Proposal to allow type-parameterized method definition in go2go

Introduction

The relevant section of the current proposal can be found here.

The idea

It's simple: Disallow type-parameterized methods in interface bodies only.

To illustrate what I mean (excerpt from the proposal):

type HasIdentity interface {
	Identity[T any](T) T // <- Make this line illegal.
}

But do allow the line (also from the proposal):

func (S) Identity[T any](v T) T { return v } // <- Make this line legal.

The arguments

Symmetry

Go methods are syntactic sugar for functions. They're one and the same, receivers are first arguments.

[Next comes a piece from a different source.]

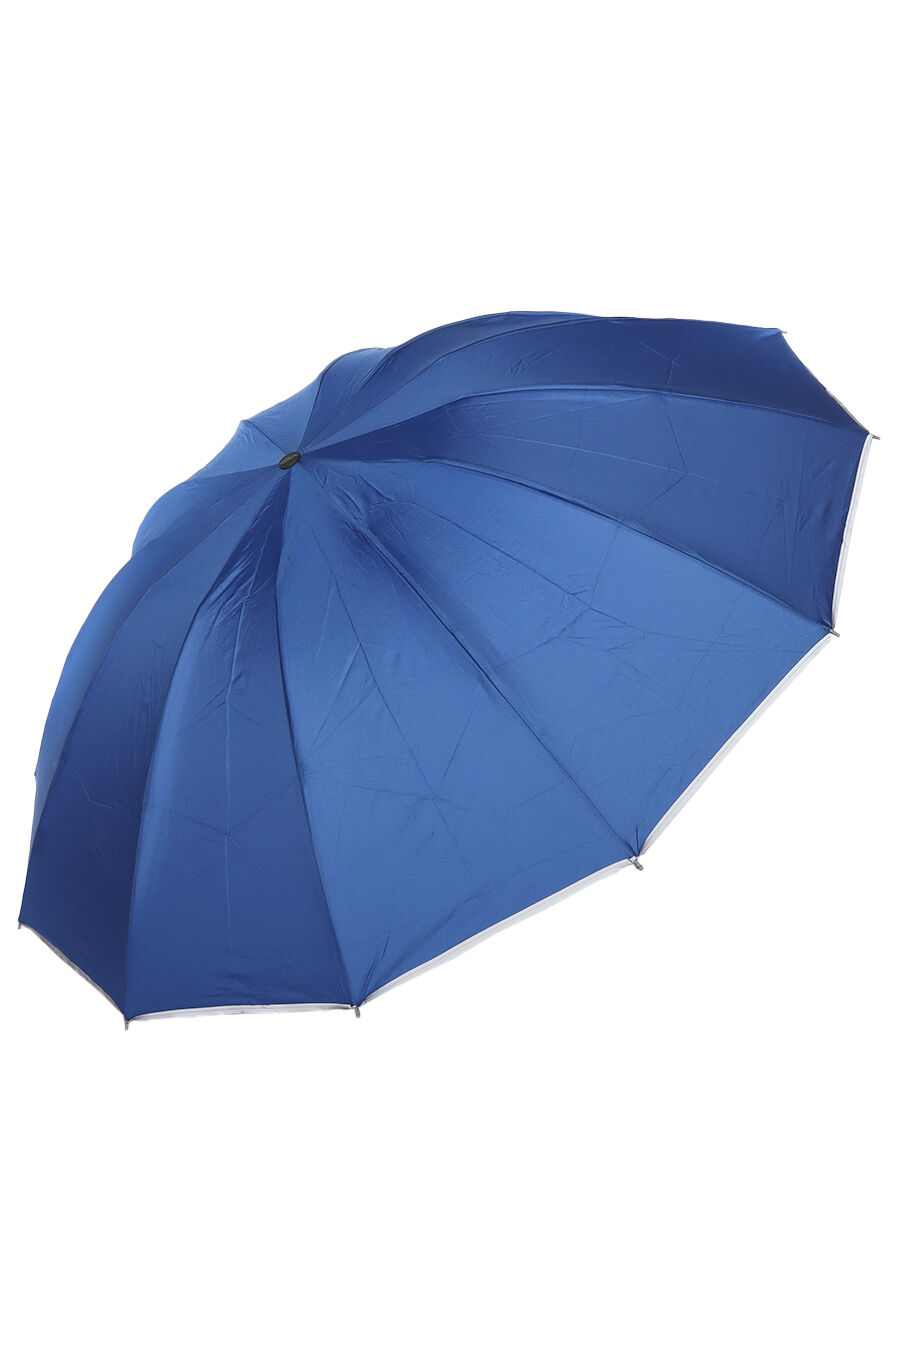 Зонт муж. Umbrella 6510-4 полный автомат (синий)
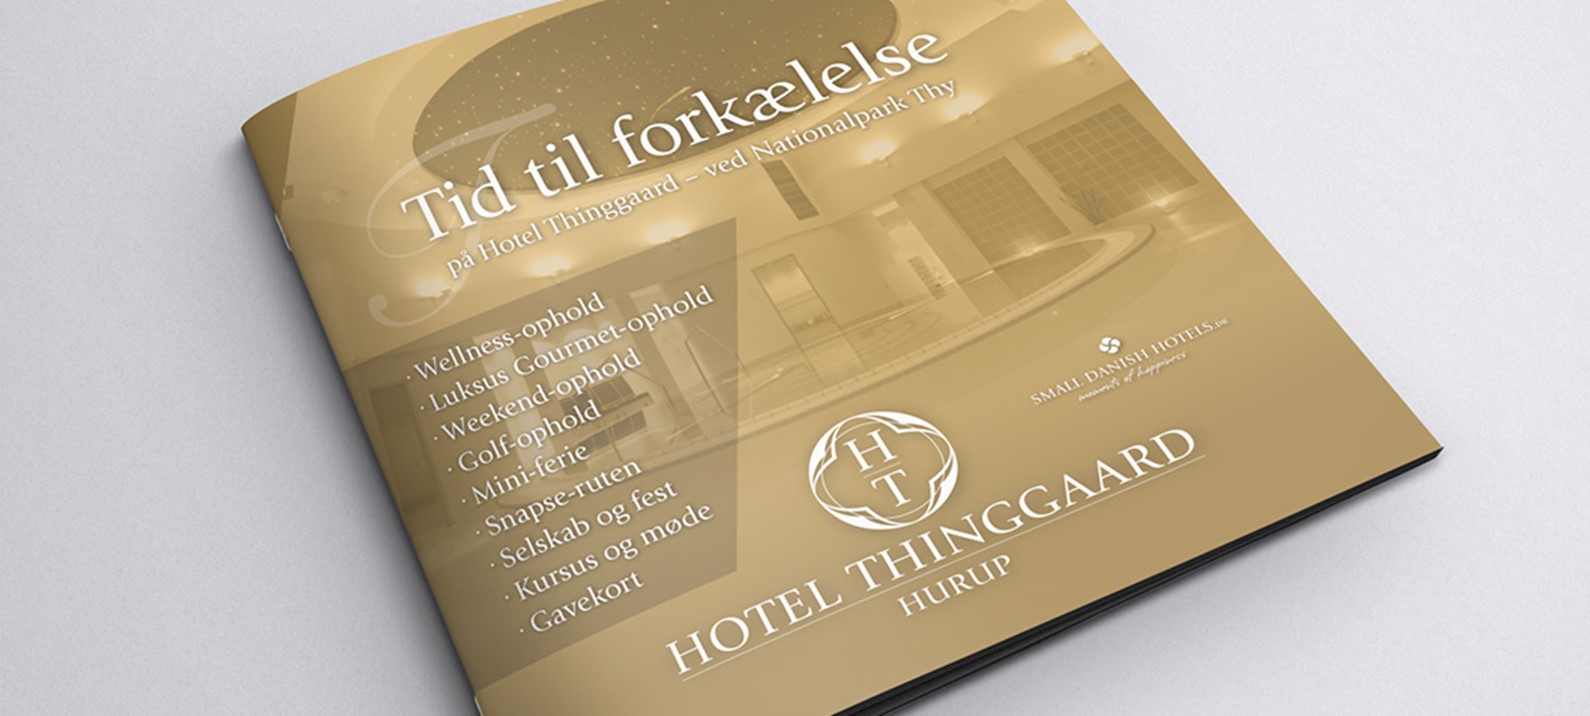 Ny opholdsfolder til Hotel Thinggaard Kong Gulerod Reklamebureau ApS

An example:

package main

import (
	"fmt"
)

type T string

func (t T) SayHello() { fmt.Printf("Hello, %s!", t) }

func main() {
	// Method notation.
	T("Gopher").SayHello()

	// Function notation.
	(T.SayHello)("Gopher")
}

Making a distinction between functions and methods would break this symmetry.

Usefulness

An obvious use-case that comes to mind a Result type (a Functor in Haskell-speak):

type Result[T any] struct {
	val T
	err error
}

func(r Result[T]) Map[U any] (f func(T) (U, error)) Result[U] {
	if r.err != nil {
		return Result[U]{err: r.err}
	}
	val, err := f(r.val)
	if err != nil {
		return Result[U]{err: err}
	}
	return Result[U]{val: val}
}

func(r Result[T]) Value() (T, error) {
	return r.val, r.err
}

Note how Map requires an additional type-parameter, U. Here's a (silly) way it could be used:

counter, err := httpGet("https://exam.ple/api"). // returns Result[*http.Response]
	Map[*http.Response, []byte](func(res *http.Response) ([]byte, error) {
		defer res.Body.Close()
		return ioutil.ReadAll(res.Body)
	}).
	Map[[]byte, APIResponse](func(body []byte) (APIResponse, error) {
		res := APIResponse{}
		return res, json.Unmarshal(body, &res)
	}).
	Map[APIResponse, int](func(res APIResponse) (int, error) {
		return res.Website.Daily.Visits, nil
	}).
	Value()

Other concepts that can be implemented in similar ways are e.g. Promises, Monads, Optionals, all kinds of pipelines (like map-reducers), transducers.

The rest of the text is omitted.